The extra jet fuel comes at the expense of other refined products, of course. So solving the aviation fuel problem may create a diesel, or even a gasoline, difficulty. Still, if half of the world’s refining industry manages to increase jet fuel yields as much as American plants already have, the additional output would more than offset the losses from the Middle East.

THE ULTIMATE SOLUTION

For now, it’s touch-and-go, however. Europe is desperate for fresh supply, and while new tankers arrive, it’s draining its small stockpile. Aviation-fuel stocks in the key oil hub of Amsterdam-Rotterdam-Antwerp have fallen to a six-year low. In the meantime, European authorities have relaxed aviation fuel rules, allowing the sale of the American-made variety.

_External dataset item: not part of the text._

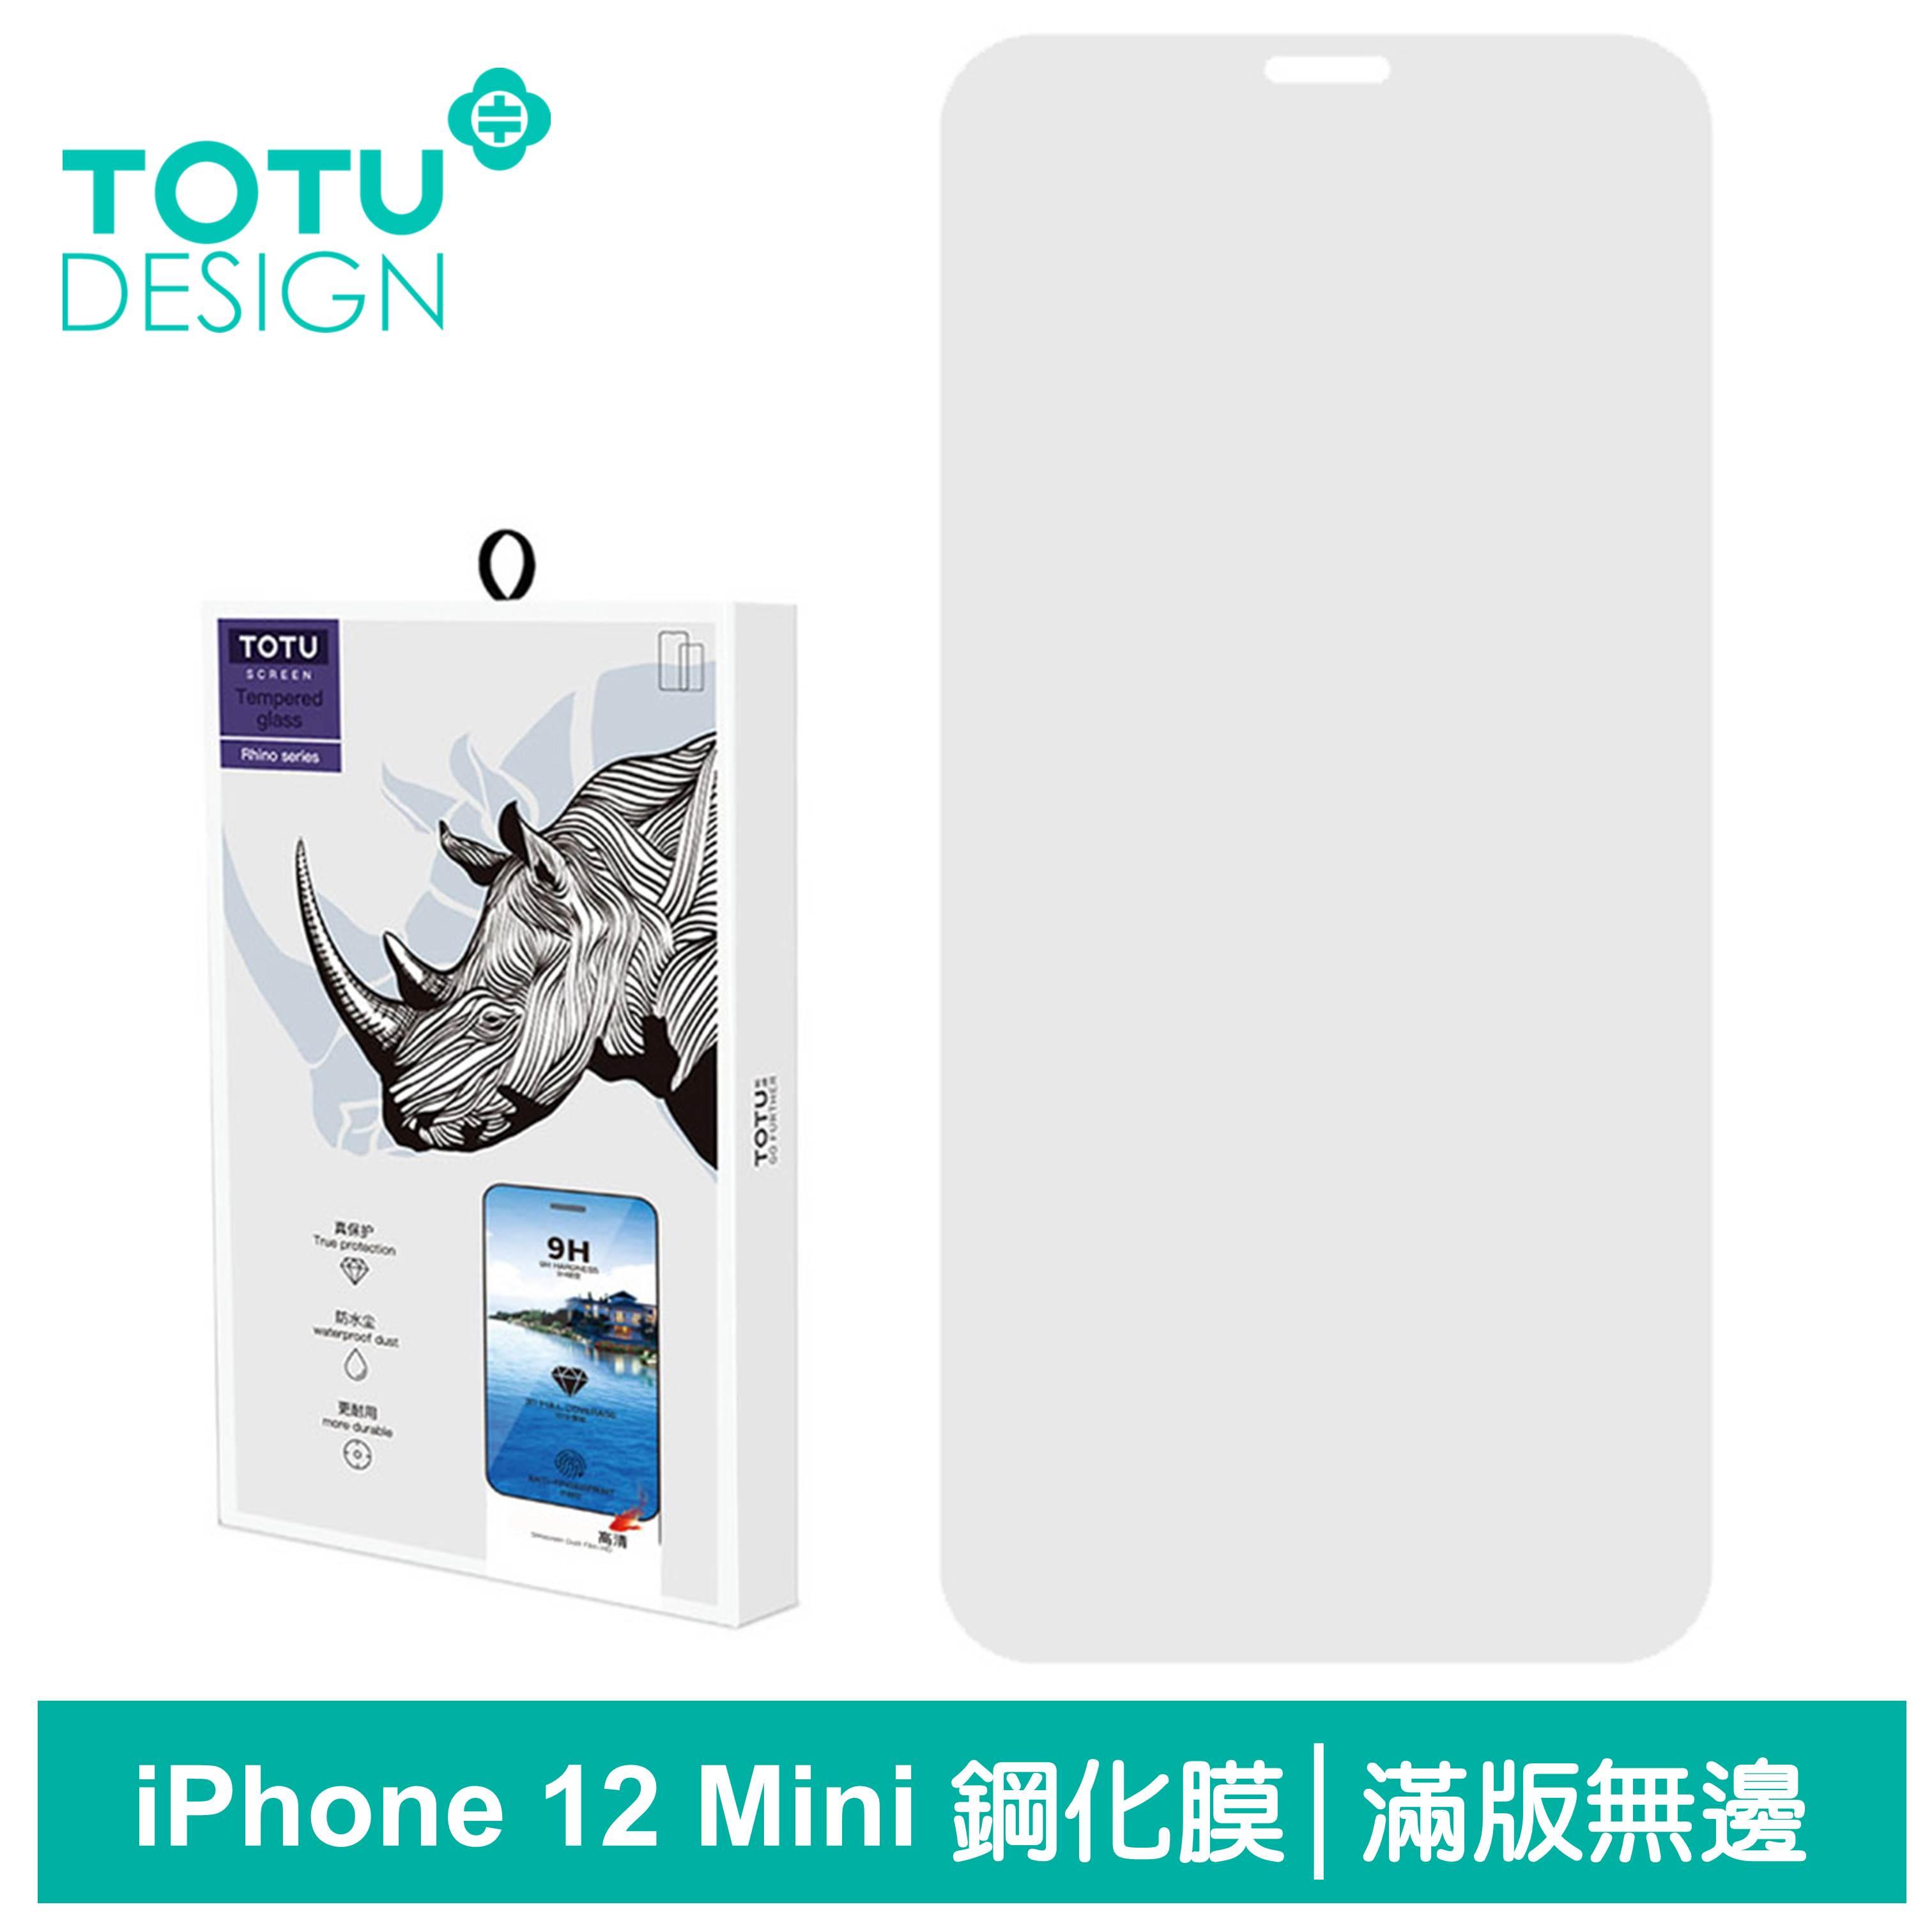 TOTU台灣官方 iPhone 12 Mini 鋼化膜 i12 Mini 保護貼 5.4吋 保護膜 滿版高清無邊 犀牛家族

In April, Europe replaced about 70 per cent of the aviation fuel it previously bought from the Middle East with extra supply from the US and Nigeria, where a new refinery is churning record amounts of the fuel. Ideally, it should increase that to 80 per cent to 90 per cent by June to avoid supply problems, according to the International Energy Agency. Europe may need to tap its strategic reserves of refined products to cover any remaining gaps.

Demand has also fallen. In part, the drop reflects the impact of the war on the Middle East itself, where hub airports like Dubai and Doha had been badly affected. It also reflects the fact that high prices have prompted airlines to cancel uneconomical routes. Seasonally, the number of commercial flights is now running about 0.5 per cent below last year. Pre-war, flight numbers were up 2 per cent year-on-year, according to data from FlightRadar24.

If all goes well, the global refining industry can solve the jet fuel problem, particularly if demand comes down a bit in response to higher ticket prices. But all rarely goes well when it comes to cracking oil under high temperature and pressures. Fires, outages and other setbacks can quickly reduce supply. The ultimate solution is reopening Hormuz.

Until then, I will watch the market with apprehension, fearing a barrage of WhatsApp messages if any friend or relative gets stranded in airport. Fortunately, it seems everyone I know is going away in either July or August. I would be more worried about flights into September and beyond.